Епархия (а позже архиепархия) Бамберга была одним из самых старых и престижных церковных округов империи. К 1572 году ее епископы наслаждались четырьмя веками светской власти и, несмотря на значительные потери, понесенные ими в ходе протестантской Реформации в предшествующие описываемым событиям четыре десятилетия, все еще управляли территорией площадью более 10 000 квадратных километров и приблизительно 150 000 подданных. Администрация княжества-епископства славилась мудрыми решениями, а в области уголовного права и вовсе заслуживала восхищения, особенно после публикации ею в 1507 году чрезвычайно влиятельного кодекса, Бамбергского уложения[41]. Епископ Файт II фон Вюрцбург, новый господин Генриха Шмидта, был известен среди подчиненных своим тяжелым характером, но, к счастью, нового палача и прочий судебный персонал курировал его вице-канцлер. Когда в августе 1572 года Генрих Шмидт прибыл в столицу епархии на службу, он мог бы гордиться этим личным и профессиональным достижением.

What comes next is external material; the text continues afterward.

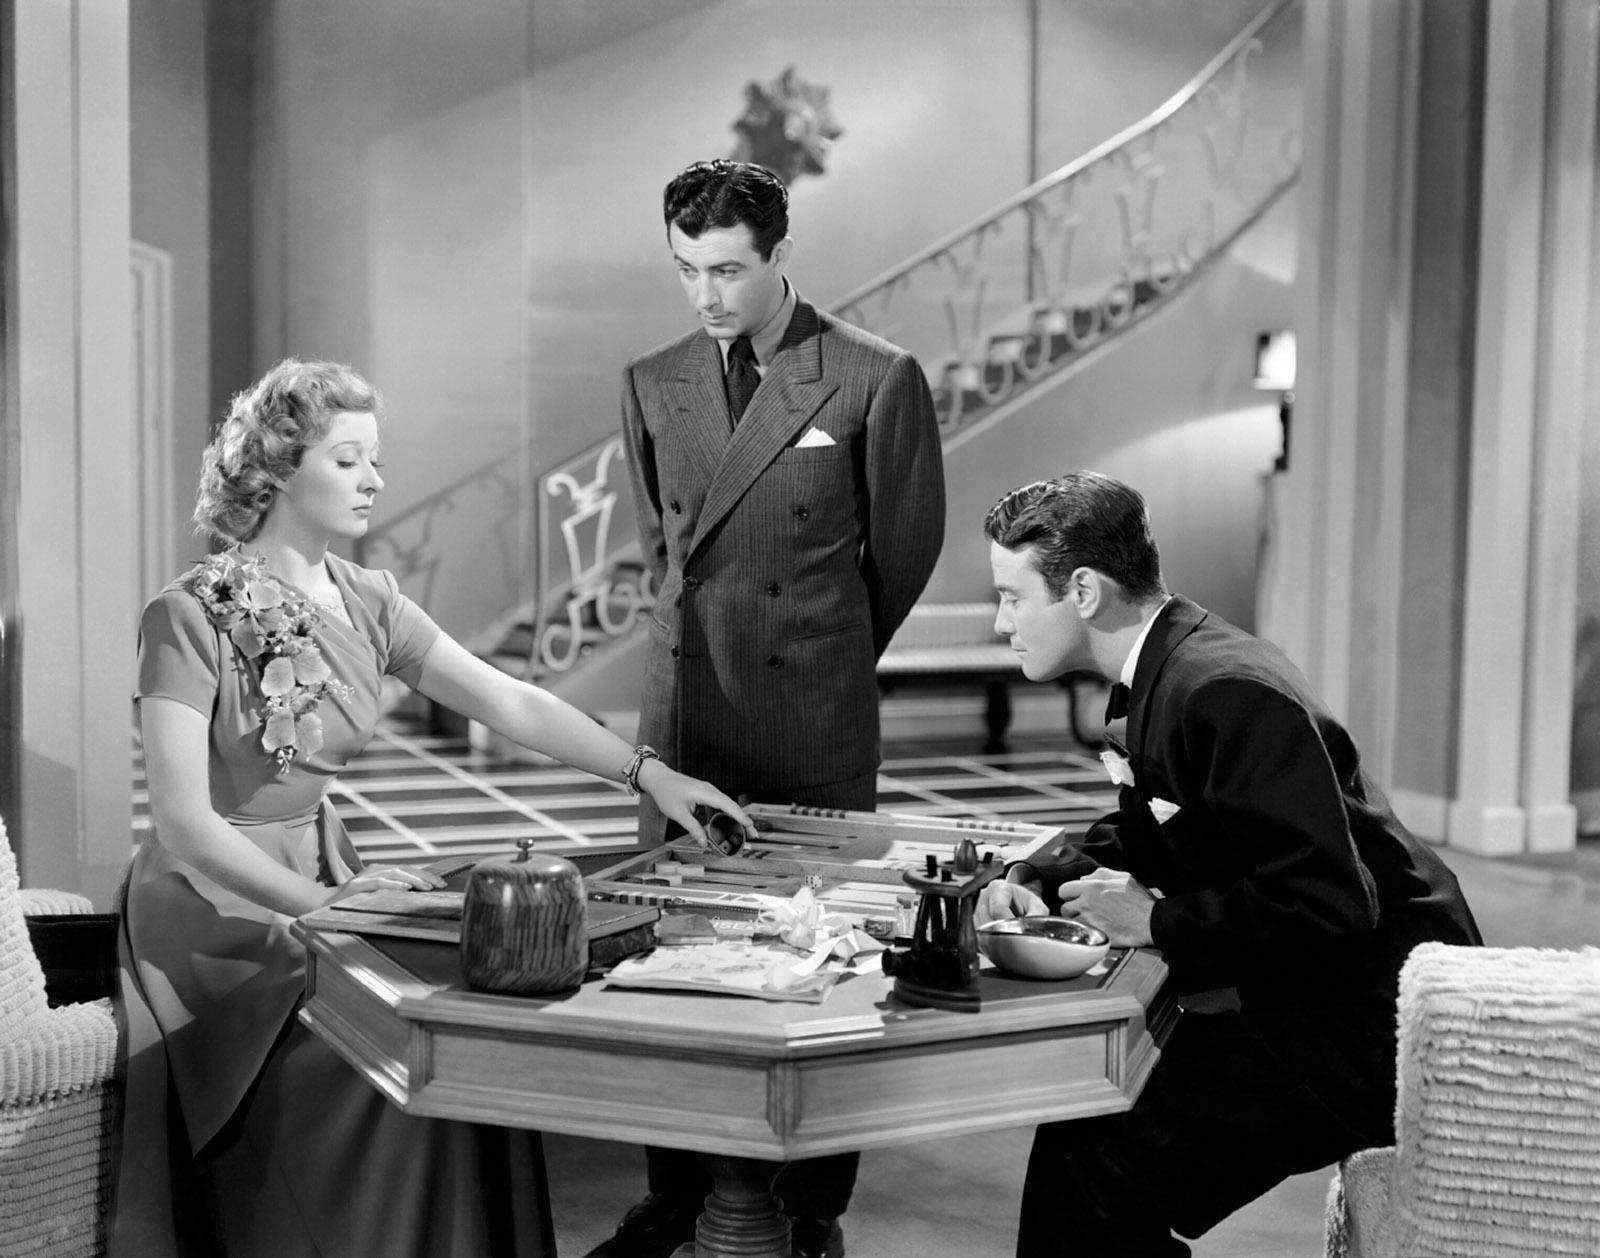 Greer Garson, Robert Taylor, and Lew Ayres in Remember?, 1939
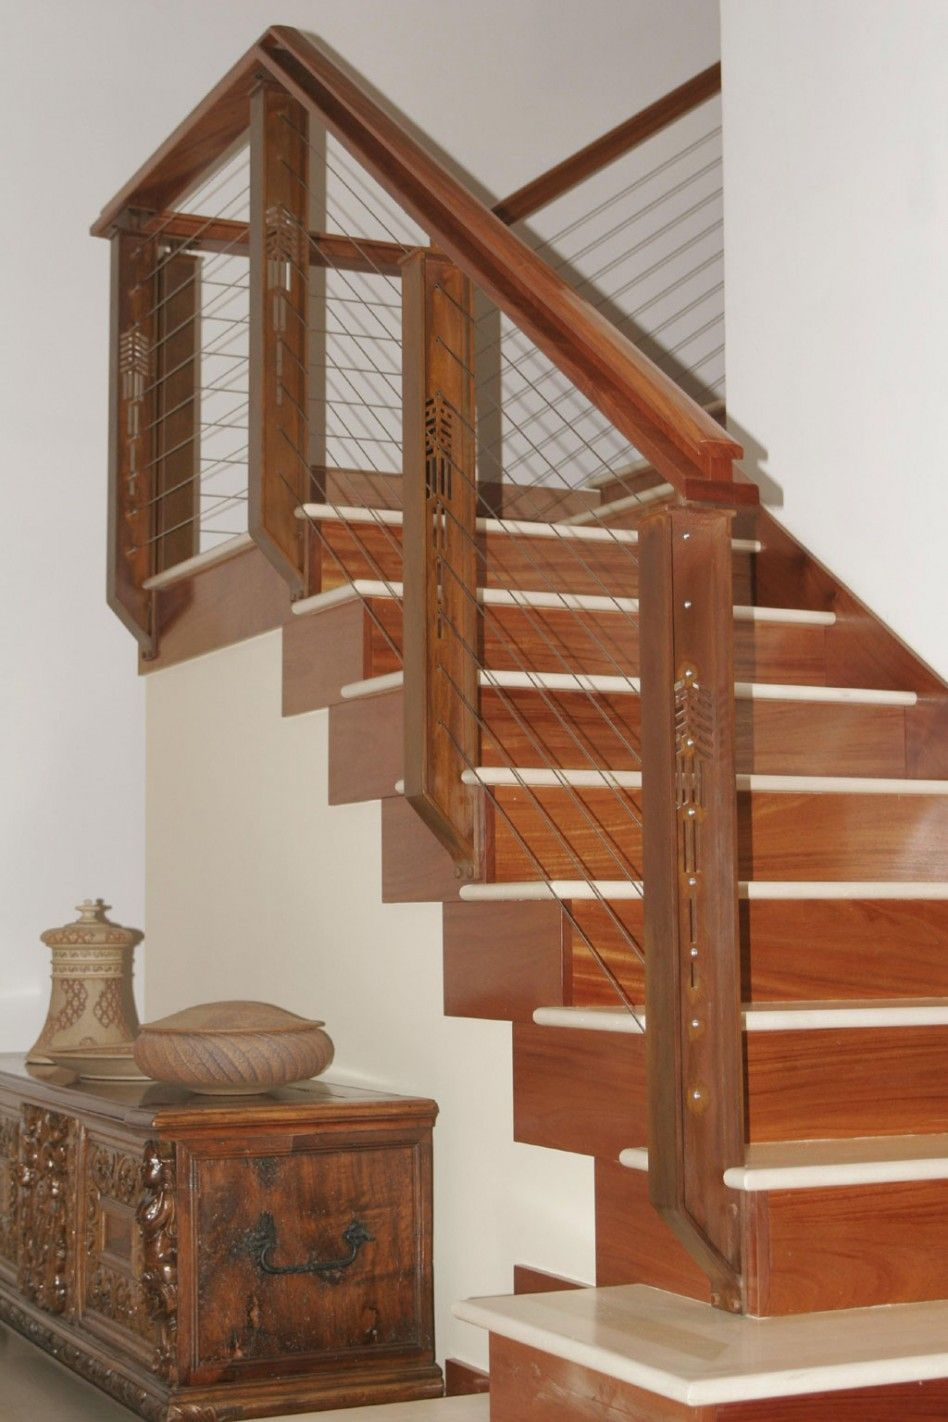 Other Design Breathtaking Home Interior Design Ideas Using Half

В Бамберге семья Шмидта окунулась в комфорт и достаток, имея приличный доход в среднем около 50 флоринов в год – больше, чем жалованье пастора или школьного учителя, – а также радуясь разнообразным льготам, полученным Майстером Генрихом в качестве муниципального служащего[42]. Их новый просторный дом, расположенный на полуострове в северо-восточной части города, известной сегодня как «Маленькая Венеция», был предоставлен им безвозмездно на время работы Генриха. После прибытия семьи в конце лета 1572 года город провел тщательную реконструкцию и расширение дома в соответствии с требованиями Генриха[43]. По общему соглашению семья должна была разделить жилище с Гансом Райншмидтом, помощником палача (известным в Бамберге как Пайнляйн, или «каратель»), но благодаря Францу, единственному ребенку в семье на тот момент, некоторая степень приватности все-таки была возможна.

Социальное положение семьи хотя и оставалось неустойчивым, стало менее гнетущим, чем в небольшой общине Хофа. Бамберг был городом относительно свободным от предрассудков с населением около 10 000 человек, известным (даже сегодня) своим грандиозным собором XIII века и процветающим производством уникального копченого пива. Местные жители с гордостью сравнивали семь величественных холмов Бамберга, каждый из которых был увенчан церковью, с семью холмами Вечного города. По крайней мере в теории новый дом Шмидтов давал им гораздо большую степень анонимности на улицах и рынках, чем в провинциальном Хофе, и, возможно, даже обеспечивал что-то вроде принятия со стороны соседей. В некоторых, особо вместительных, церквях таких крупных городов палачам дозволялось занимать отдельное место для молитвы, а кое-какие таверны даже пускали их на свои табуреты – трехногие, словно виселицы[44]. Протестантская вера Шмидтов несомненно создавала дополнительные барьеры в городе, по большей части католическом, но очевидно, что это не имело никакого значения для работодателей Генриха, несмотря на открытую поддержку архиепископством Контрреформации[45].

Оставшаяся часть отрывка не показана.